Prompt: Without copying any picture, return all lines below exactly.

Provided data:
= = = = =
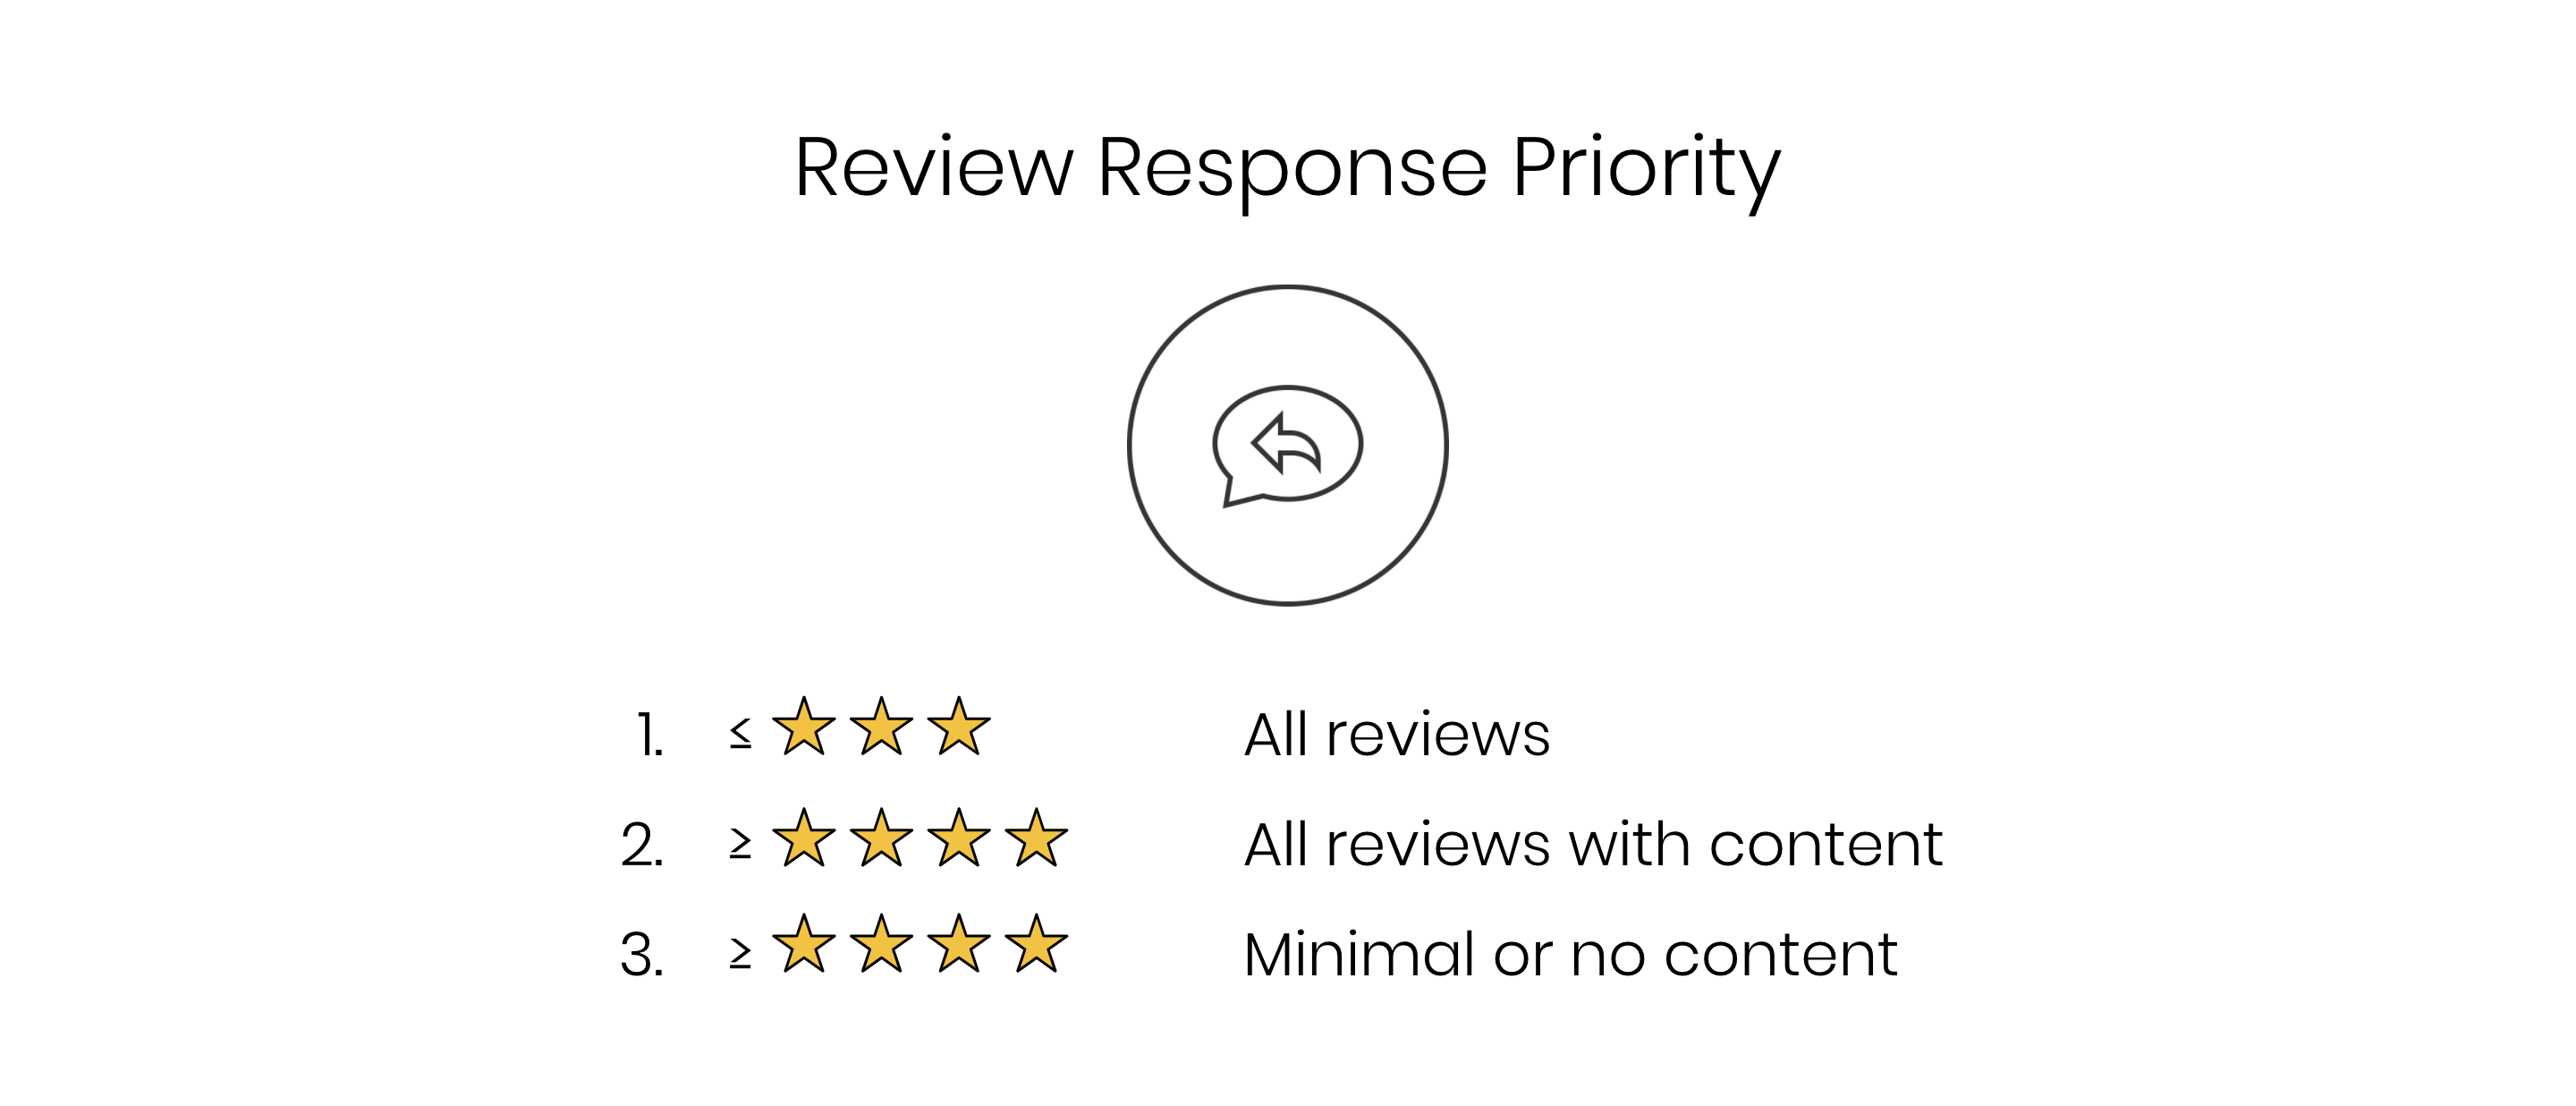 priority of reviews to respond to
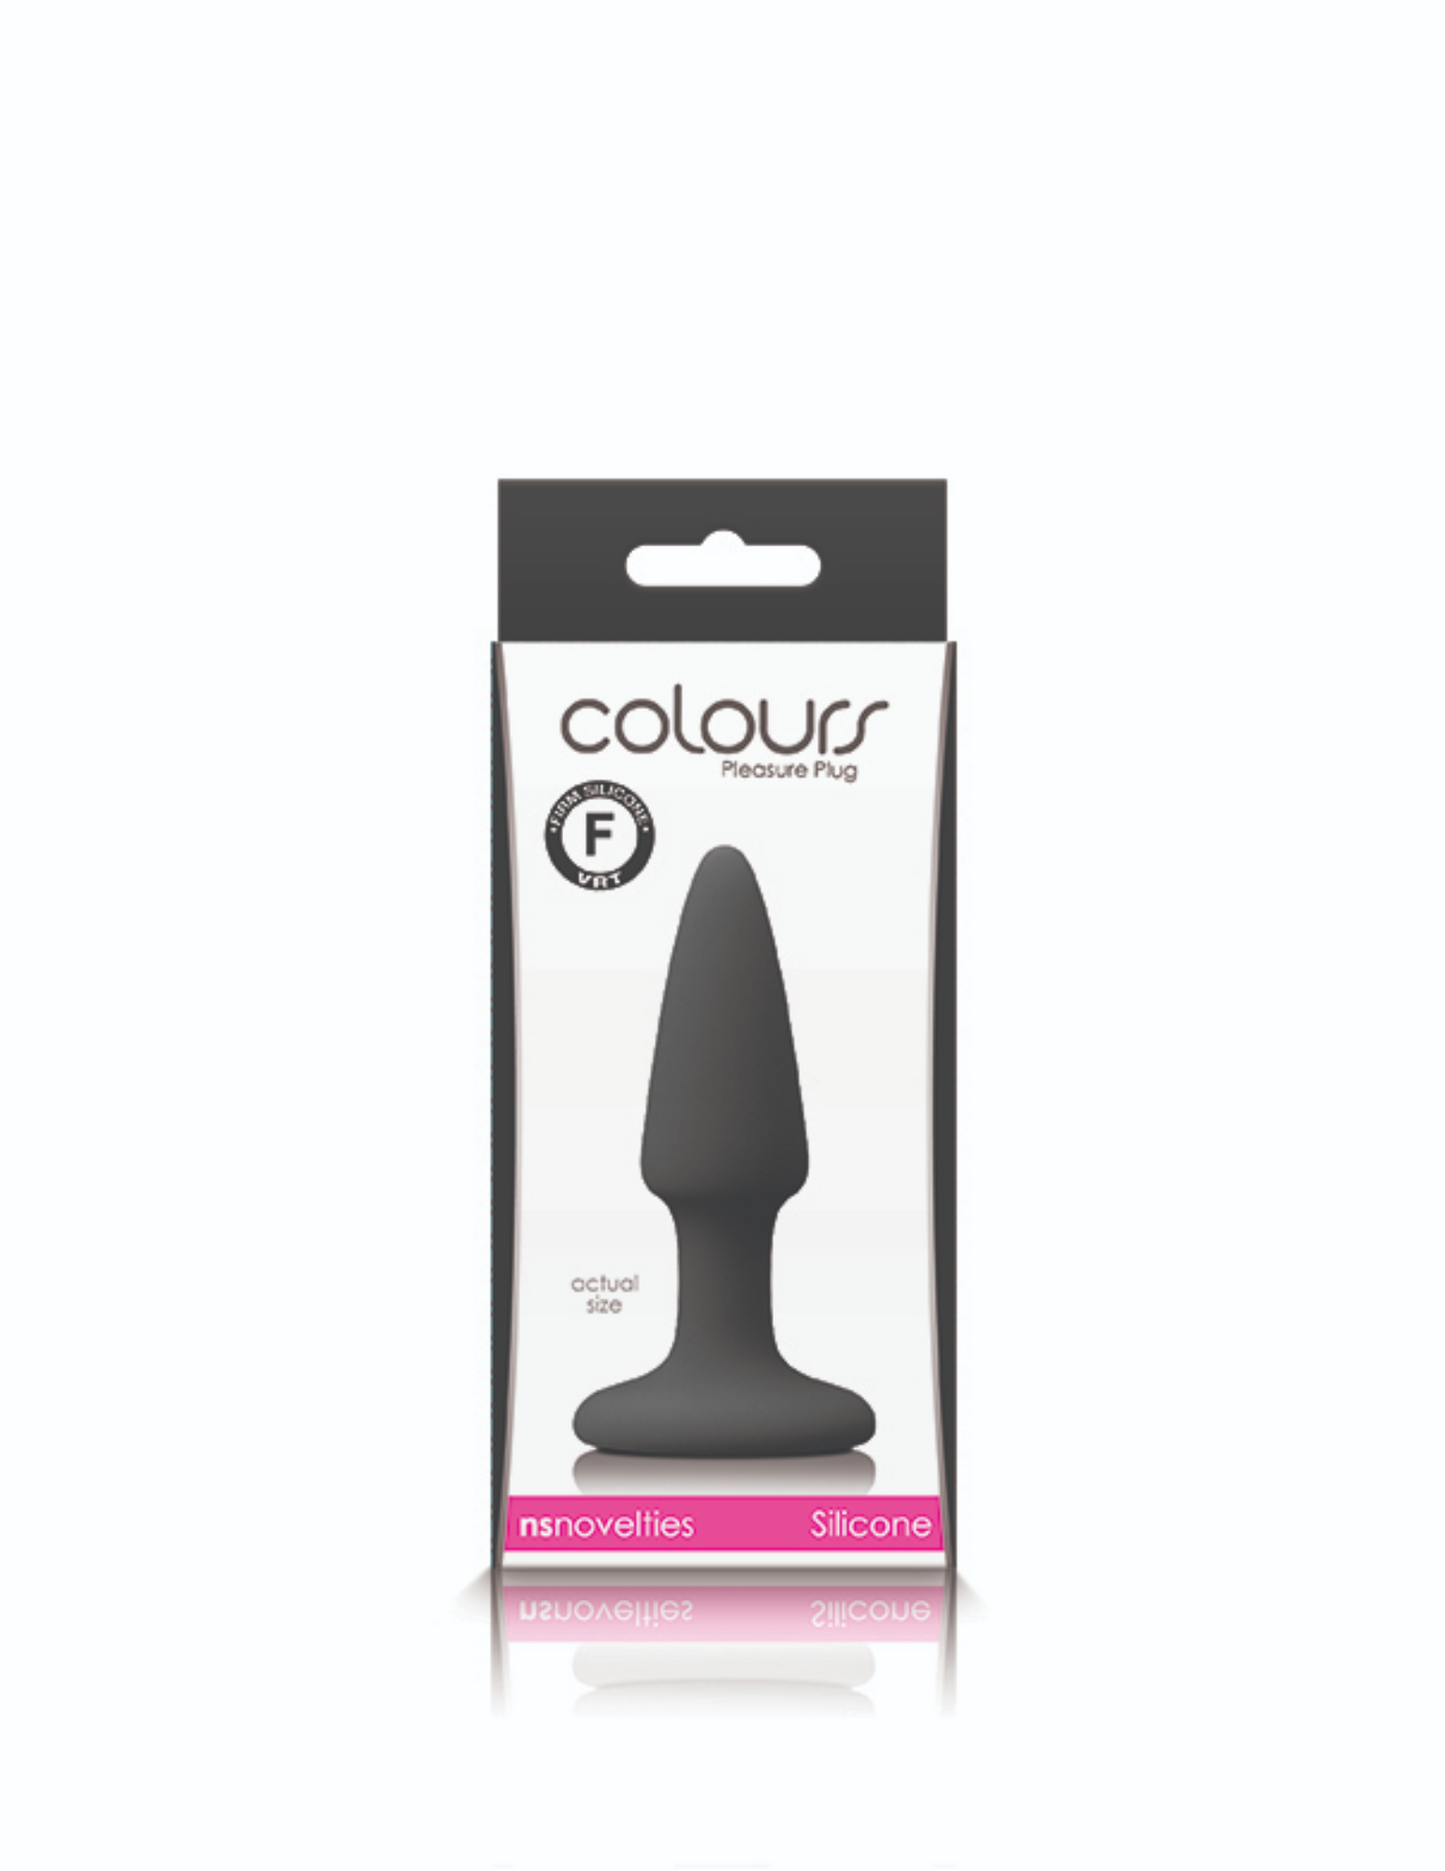 Photo of the front of the box for the Colours Pleasure Plug Mini from NS Novelties (black).
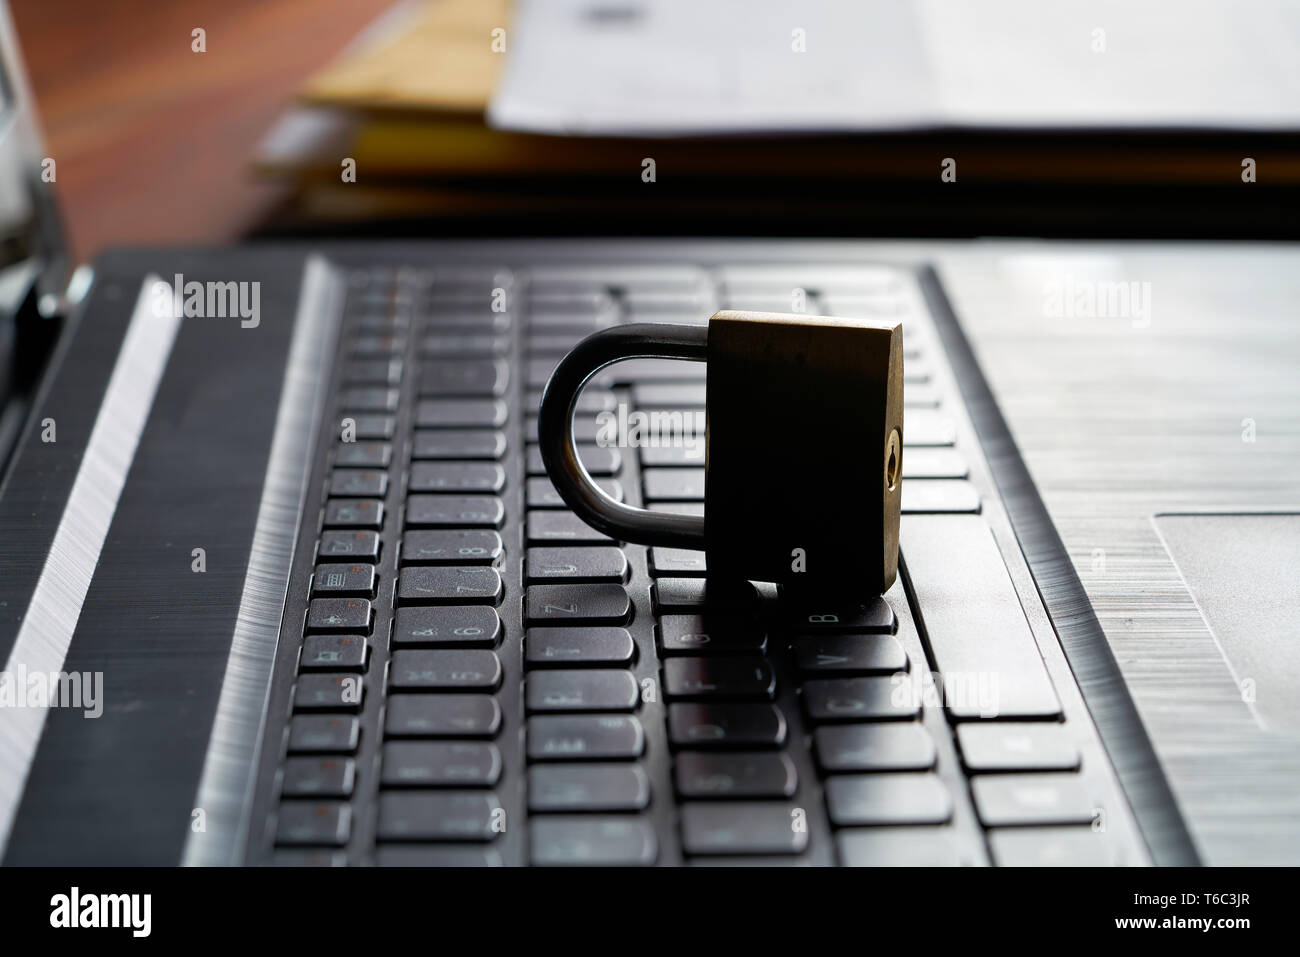 Computer keyboard and padlock as a symbol of Internet security Stock Photo
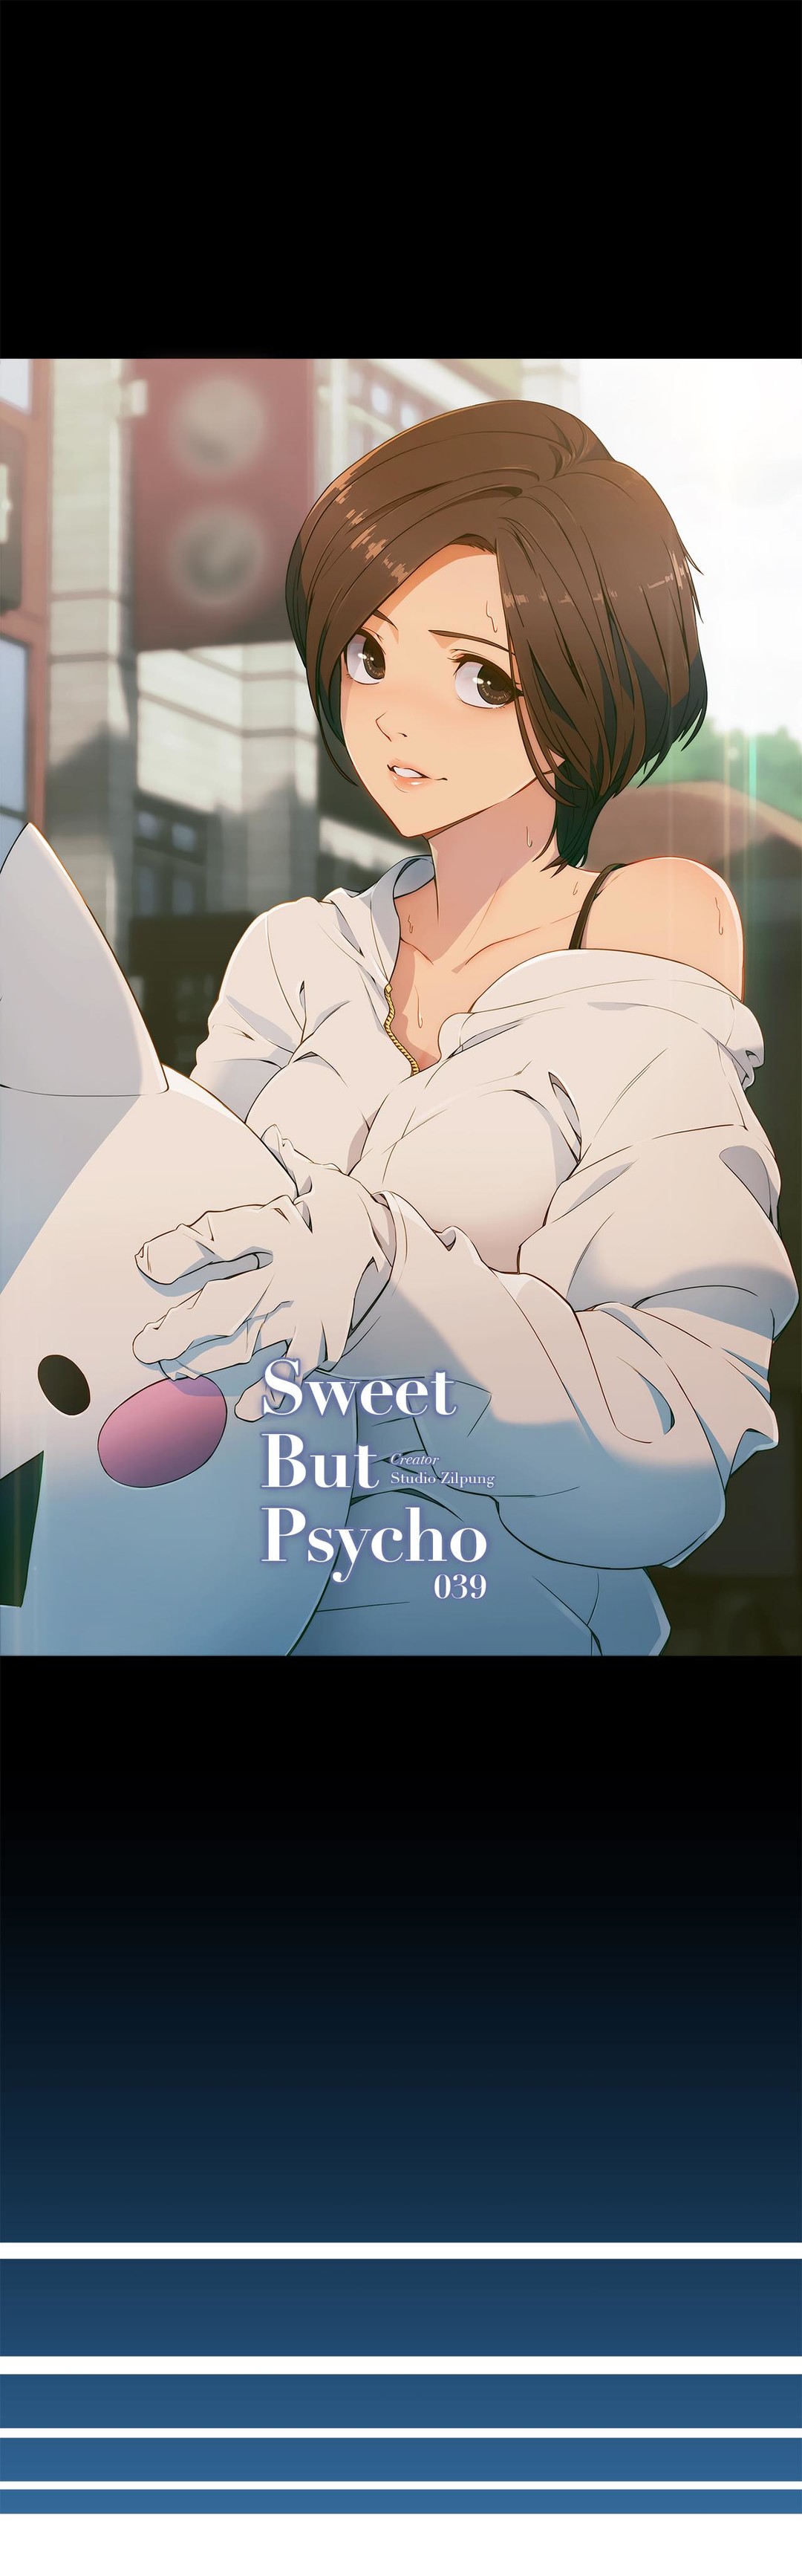 Sweet but Psycho image
= = = = =
Expected output:
 priority of reviews to respond to
 Photo of the front of the box for the Colours Pleasure Plug Mini from NS Novelties (black).
 Computer keyboard and padlock as a symbol of Internet security Stock Photo
 Sweet but Psycho image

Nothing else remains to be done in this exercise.